The younger nurse asked me and the more experienced nurse if we had seen the show “Jane Doe”? Did I shake my head “no” or sit there stunned? I think it was the former, but memory is changeable. She proceeded to tell us what a great show it was and how this reminded her of it, as they tagged and turned my dead dad’s body. I felt him slip away from me then, but maybe I just turned cold inside and could no longer sense him, appalled at the gallows humor that I understood but had never been experienced as a family member. As if I were one of them. I am a family member, a daughter. That is my father. Appalled at my speechlessness. A part of me thought my dad would have laughed—loud and openmouthed, his red face ruddier as his cool blue eyes lit with mirth. Either way, another part of me is grateful that I was with him, then. If I couldn’t stand up for him in my shock (or my general conflict avoidance) at least I was there. If different cultures are right about the soul staying close to the body for a few days, he had me nearby–for a short bit.
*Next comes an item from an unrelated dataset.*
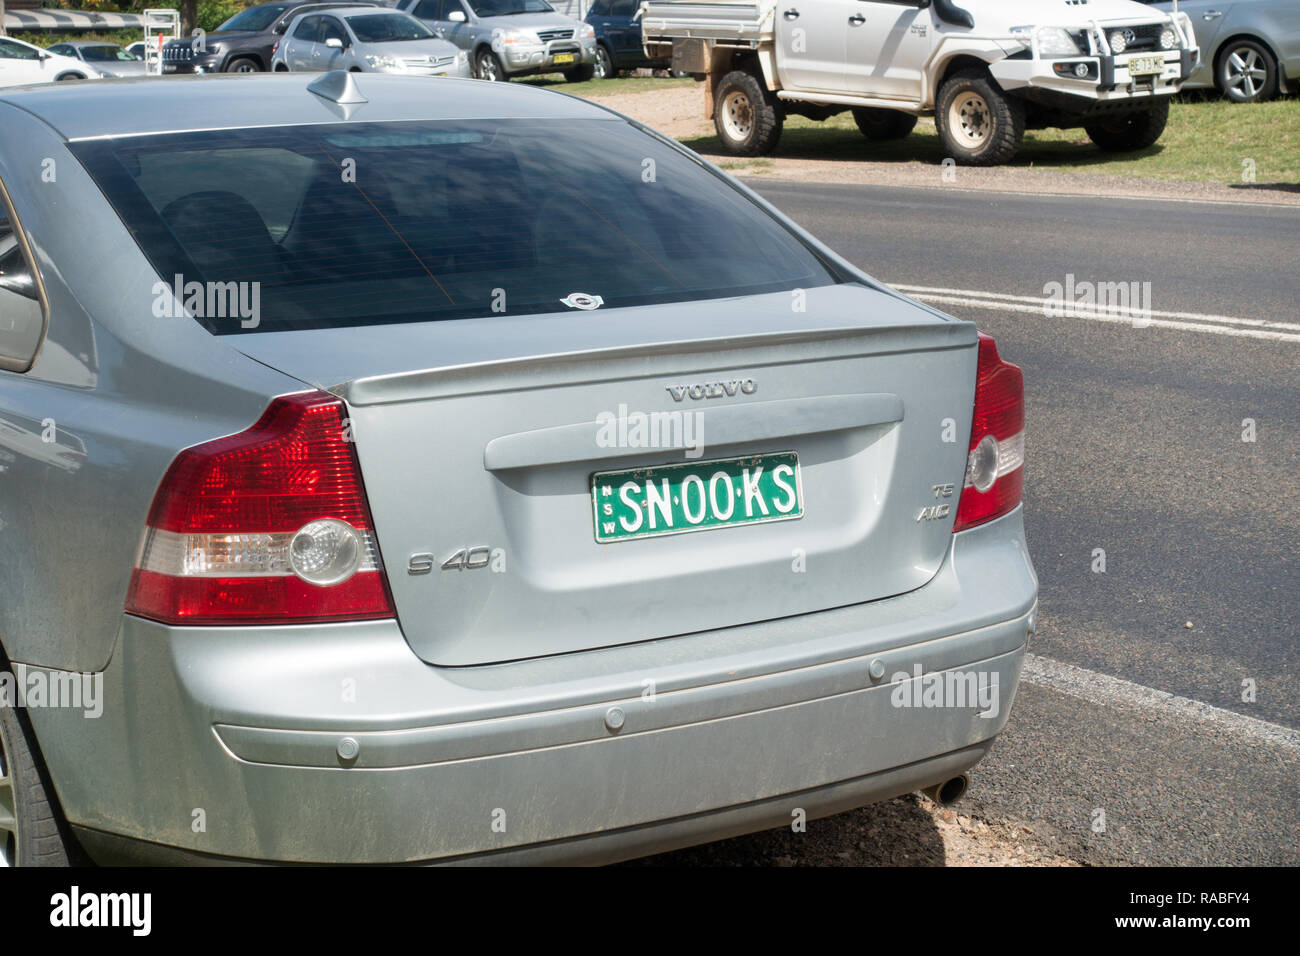 cheap personalized license plates

I walked to the morgue with him on a stretcher as the two nurses wheeled him. Was it awkward, the elevator ride down? When I worked in the hospital, I escorted family members down with the body. I had become the family member. I remember standing outside the door and the young man inside the morgue saying I couldn’t enter. I remember my panic later, wondering if I had left him too soon, wondering if he was truly dead. I remember asking Meb, the sweet, strange wife of his brilliant, strange friend, Doc, if that was a normal fear and her kind response “I imagine that’s why there are so many movies about zombies.”
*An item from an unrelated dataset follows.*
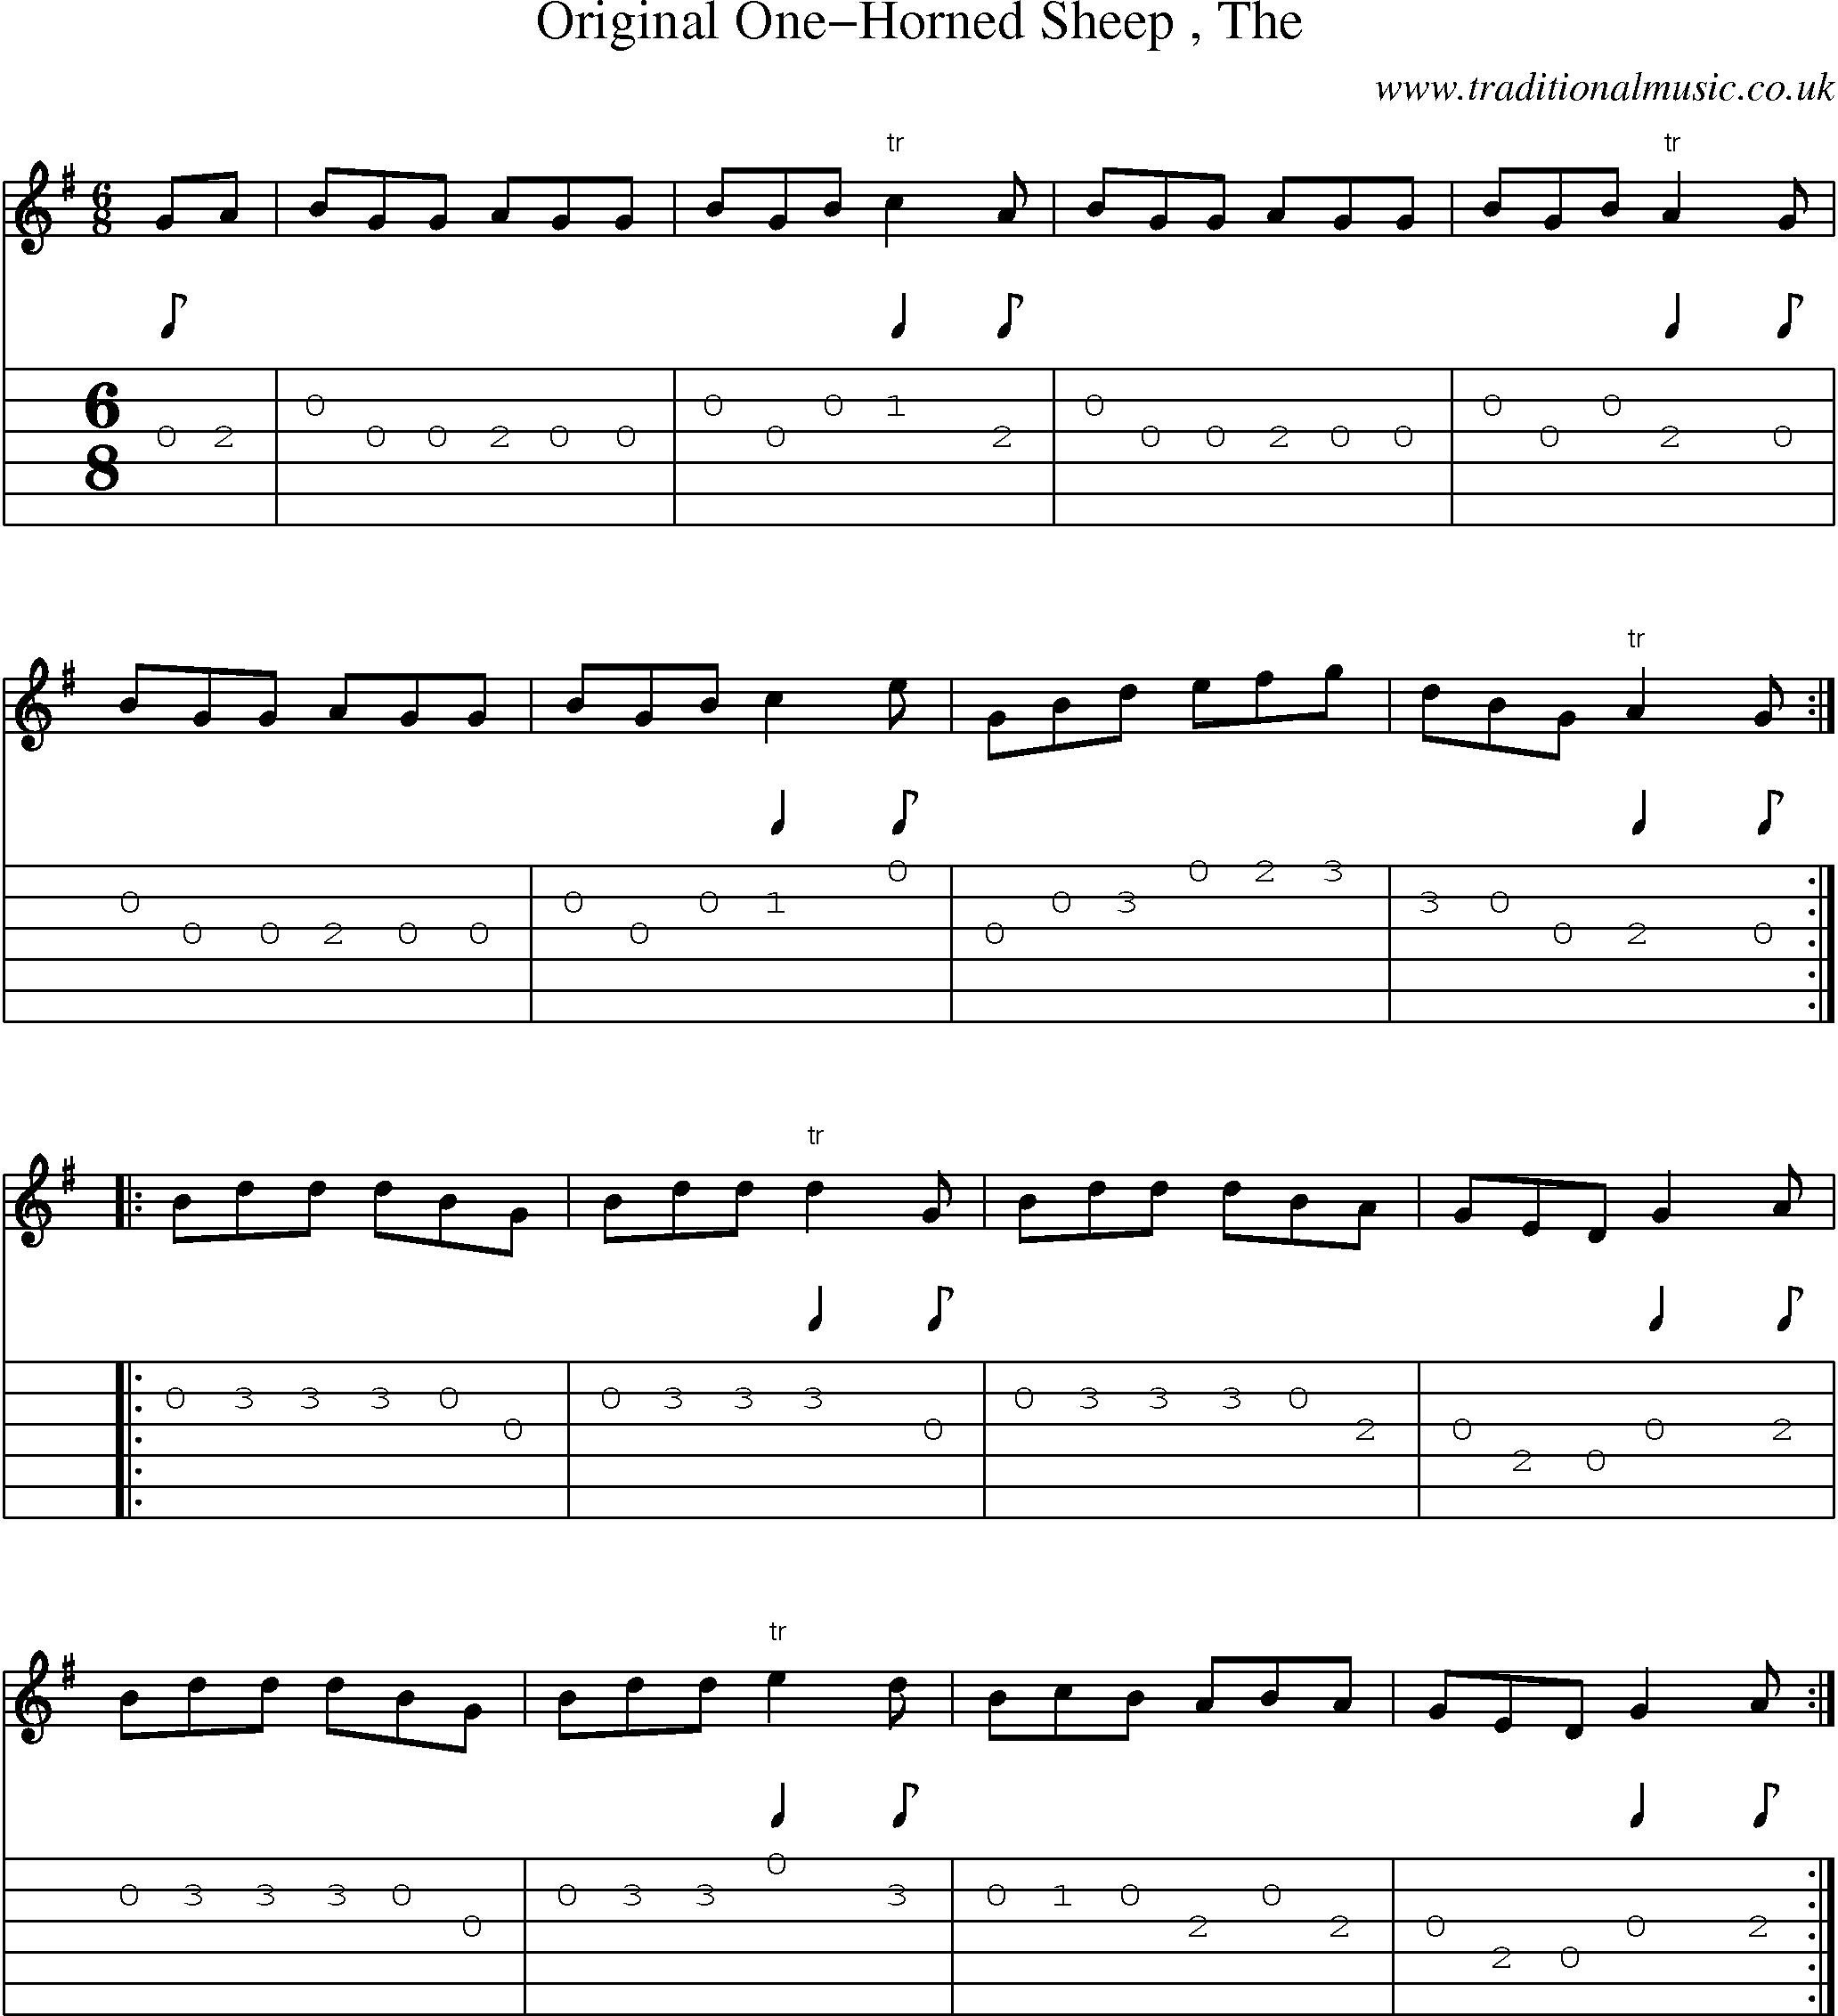 Music Score and Guitar Tabs for Original Onehorned Sheep

Even in death, the living tugged at me, guided my behavior. I thought about my mom and sister waiting in the cafeteria. I imagined the impatience of the staff as they delayed the paperwork, willing me to get on with the tasks of the living. Because that was what I was. Living. And my father dead. I’m not sure if those are part of the small regrets I hold or rather if they are small comforts—the fact that things go on. A death certificate, not unlike a birth certificate, the fatigue and slight boredom that comes with lingering by an unconscious—no dead–body, even one dear to me.
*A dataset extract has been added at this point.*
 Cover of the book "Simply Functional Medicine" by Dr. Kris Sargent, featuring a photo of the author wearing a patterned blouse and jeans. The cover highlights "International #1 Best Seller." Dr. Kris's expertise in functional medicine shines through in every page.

Was it the pull toward the living that caused me to not visit his body at the mortuary? To let a sacred period pass that I realized only later? Perhaps. More likely, it was the same impulses around death that are with me always—an impatience once a certain time has passed, a desire to please others, even those who don’t know me and will remember my father as merely another old man past his due date, a desire to not deal with the untidy business of endings.
*
My mind flashes to the young man at the nurse’s station who rose from his seat as my Mom and I came out of the elevator to visit my dad. I thought it peculiar and then remembered I was in the South and small courtesies were still afforded. To some, anyway. I smiled and he looked disconcerted. I can’t remember much about that man now—ethnicity, race, size, age, although I think he was youngish. I just remember him standing up from his seat. Perhaps he hoped to warn the doctor of our arrival. Perhaps the doctor asked to be warned when my mom showed up. There was a kindness in his rising, even if that was not his intent. I remember that and the unwitting peace in not yet knowing my dad had passed.